As the days of the trial passed excitement grew more tense. The lawyers for the prosecution and the defense made their speeches to a crowded and enthralled court-room. There was a feverish uncertainty in the air. It reached a climax when the jury stayed out for eleven hours before coming to a verdict. From the moment it filed back into the court-room with solemn faces the dramatic tensity began to foreshadow the tragedy about to be enacted. The woman Harley had made a widow sat erect and rigid in the seat where she had been throughout the trial. Her eyes blazed with a hatred that bordered madness. Ridgway had observed that neither Aline Harley nor Virginia was present, and a note from the latter had just reached him to the effect that Aline was ill with the strain of the long trial. Afterward Ridgway could never thank his pagan gods enough that she was absent.

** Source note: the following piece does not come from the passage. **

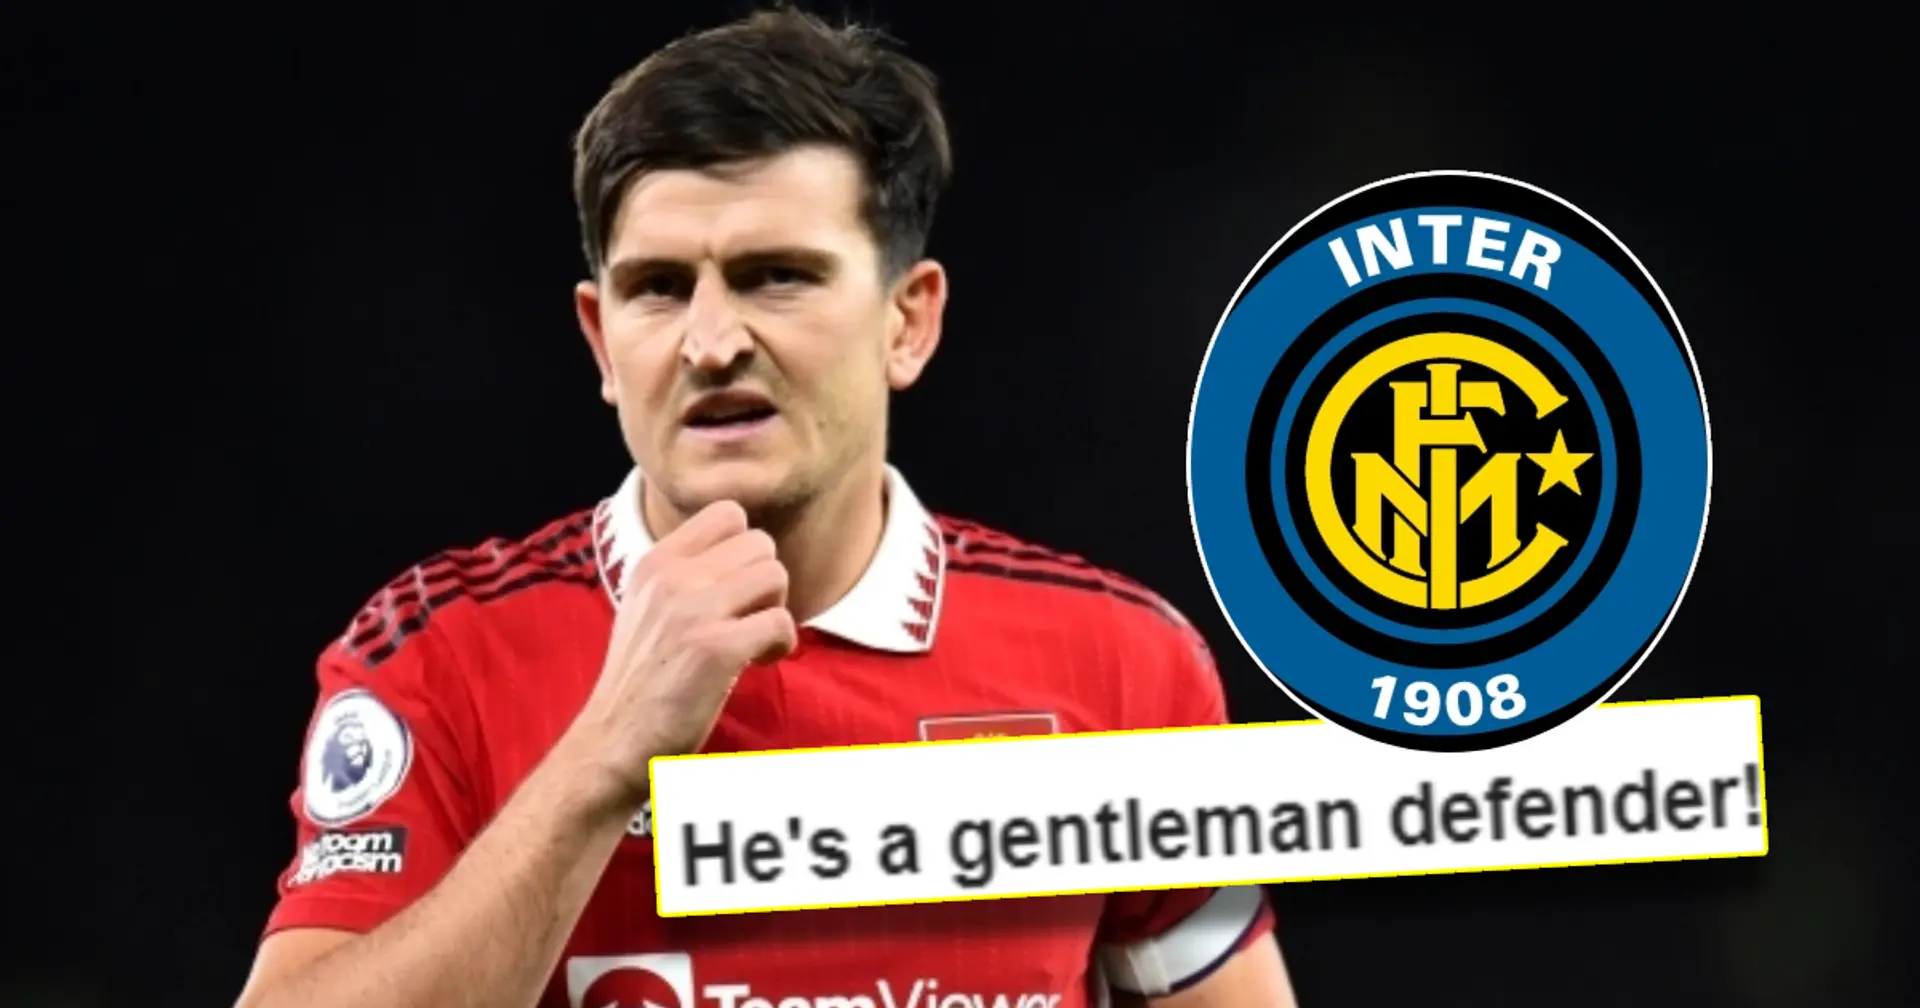 'He's not fast but I'd take him': Inter Milan fans react to Maguire loan links

There was a moment of tense waiting before the judge asked:

“Gentlemen of the jury, have you reached a verdict?”

The foreman rose. “We have, your honor.”

A folded note was handed to the judge. He read it slowly, with an inscrutable face.

“Is this your verdict, gentlemen of the jury?”

“It is, your honor.”

Silence, full and rigid, held the room after the words “Not guilty” had fallen from the lips of the judge. The stillness was broken by a shock as of an electric bolt from heaven.

The exploding echoes of a pistol-shot reverberated. Men sprang wildly to their feet, gazing at each other in the distrust that fear generates. But one man was beyond being startled by any more earthly sounds. His head fell forward on the table in front of him, and a thin stream of blood flowed from his lips. It was Simon Harley, found guilty, sentenced, and executed by the judge and jury sitting in the outraged, insane heart of the woman he had made a widow.

Mrs. Edwards had shot him through the head with a revolver she had carried in her shoppingbag to exact vengeance in the event of a miscarriage of justice.